Hello there,
I'm having a strange situation with our failover cluster after a recent planned outage for windows updates.
We have a 3 node cluster with one CSV, it has been set up for awhile with no issues until the recent planned outage where pausing Node2 to drain its roles caused the issue to be noticed.
Currently Node2 is the CSV owner but if I pause this node or attempt to manually move the CSV to Node1 or Node3 the CSV fails with an error of "0x1 Incorrect Function" and fails back to Node2 again (or just goes offline of Node2 is paused)
I created some logs of the cluster activity when attempting to move and noticed it fails to read the reservation on the disk, below is a snipped of the area where I believe the problem is occuring:
00000c84.00001ca8::2016/08/21-10:04:38.026 INFO [RCM] TransitionToState(SAN Data) OnlineCallIssued-->OnlinePending.00001734.00001554::2016/08/21-10:04:38.026 INFO [RES] Physical Disk <SAN Data>: ResHardDiskArbitrateInternal request Not a Space: Uses FastPath
00001734.00001554::2016/08/21-10:04:38.026 INFO [RES] Physical Disk <SAN Data>: ResHardDiskArbitrateInternal: Clusdisk driver handle or event handle is NULL.
00001734.00001554::2016/08/21-10:04:38.027 INFO [RES] Physical Disk <SAN Data>: HardDiskpQueryDiskFromStm: ClusterStmFindDisk returned device='\\?\mpio#disk&ven_lefthand&prod_iscsidisk&rev_a500#1&7f6ac24&0&363030454233373344433534343531303030303030303233#{53f56307-b6bf-11d0-94f2-00a0c91efb8b}'
00001734.00001554::2016/08/21-10:04:38.047 INFO [RES] Physical Disk <SAN Data>: SetDiskInfo(1)
00001734.00001554::2016/08/21-10:04:38.047 INFO [RES] Physical Disk <SAN Data>: Arbitrate - Node using PR key 25f8bf3b0003734d
00001734.00001554::2016/08/21-10:04:38.047 ERR [RES] Physical Disk <SAN Data>: Failed to read reservation on the disk, status 1
00001734.00001554::2016/08/21-10:04:38.047 ERR [RES] Physical Disk <SAN Data>: ResHardDiskArbitrateInternal: PR Arbitration for disk Error: 1.
00001734.00001554::2016/08/21-10:04:38.048 ERR [RES] Physical Disk <SAN Data>: OnlineThread: Unable to arbitrate for the disk.

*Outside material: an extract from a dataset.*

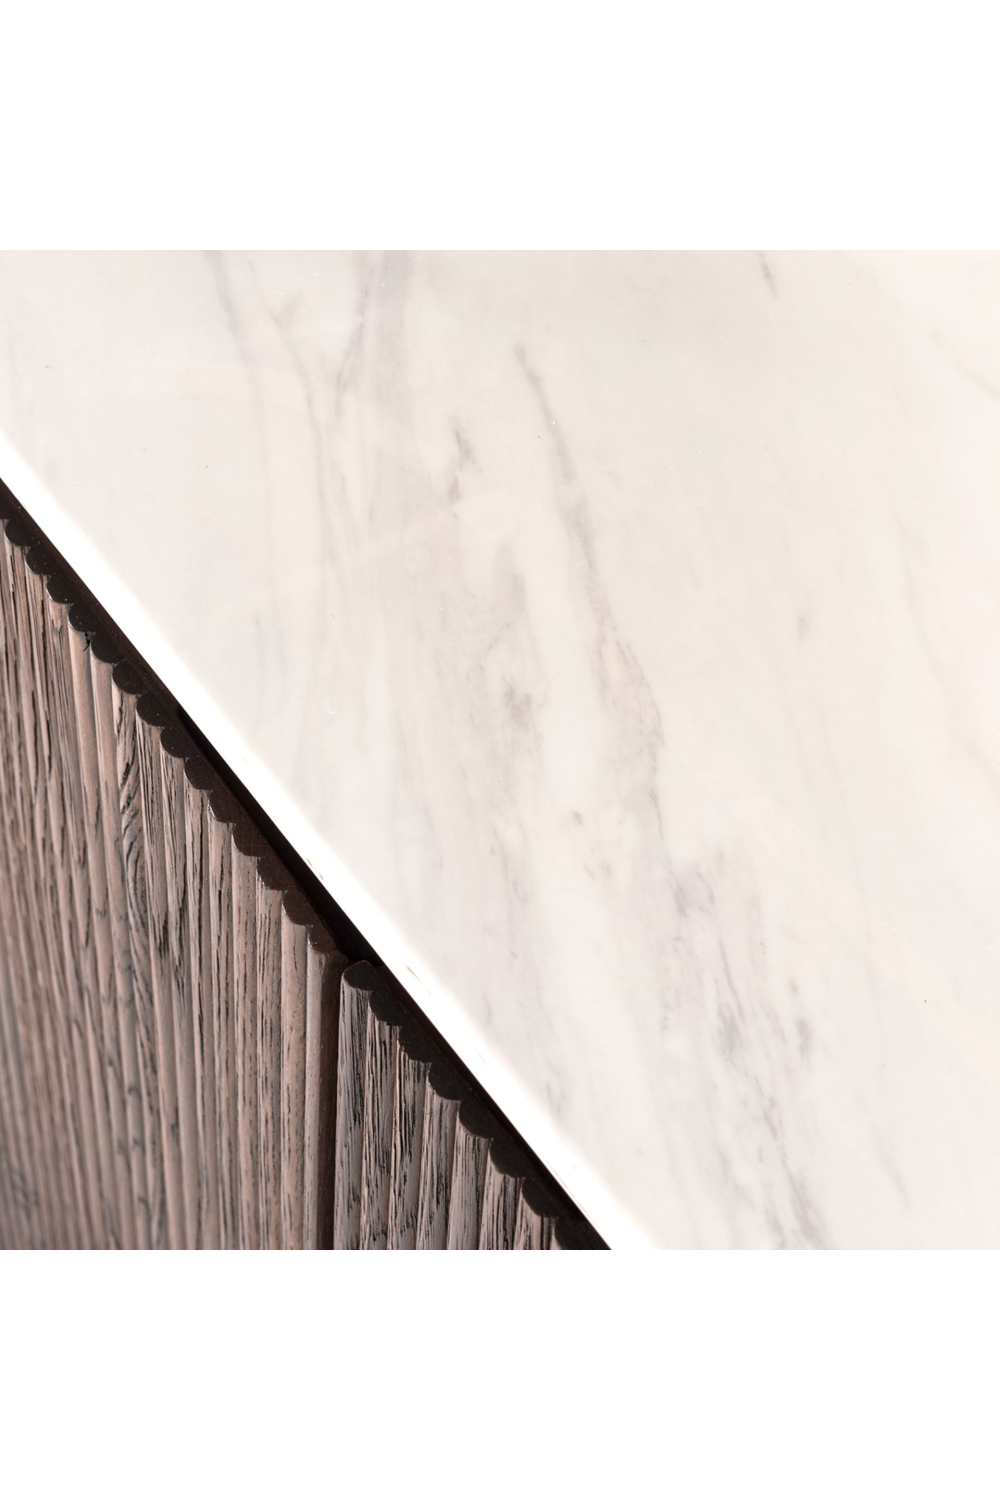 Modern Marble Cabinet | OROA Barkley | Oroa.com

Error: 1.
00001734.00001554::2016/08/21-10:04:38.048 ERR [RES] Physical Disk <SAN Data>: OnlineThread: Error 1 bringing resource online.
00001734.00001554::2016/08/21-10:04:38.048 INFO [RES] Physical Disk <SAN Data>: HardDiskpSetUnsetDiskFlags(mask=0x00000002, SetCluster=0, SetCsv=0,
The only changes made recently were the CSV being increased in capacity, the space was assigned on the SAN and then extended using DISKPART on the CSV owner however I did notice that DISKPART reports the drive being 8TB when it is actually 9TB. Windows Disk
Management reports it as 9TB as does Failover Cluster Manager.
The iSCSI connectors on all of the Nodes are connected to the SAN and can see the volume in Disk Management (once the CSV is up on Node2, they will run the VMs from it without issue)
I have tried taking the cluster offline and rebooting all of the servers which had no impact.
To retrace recent steps and test functionality I created another small volume on the SAN, added it as an additional CSV and it will happily move between all Nodes.
I also then increased the size of this volume on the SAN and extended it using the same method with DISKPART again with no issues.
I saw another thread on technet where someone had a similar issue after a power failure (though none of their Nodes would connect to the CSV) and running the PowerShell command Clear-ClusterDiskReservation helped in their case but sadly this did nothing to
help in this scenario.
Running this command from Node2 (current CSV owner) ran without any error, running the command from Node1 or Node3 returned a similar error to moving the disk stating an Incorrect function.
I have also tried validating the failover cluster, when validating it with the CSV it fails on Node 1 and cancels the rest of the tests to do with storage however if I just test the small test CSV I created all the tests pass without issue.
I haven't tried removing the CSV and re-adding it yet as we're currently in a crucial time of year so I can't risk it not coming back online again if this fails.
If anyone has any suggestions of what to try or where to look for answers it would be appreciated.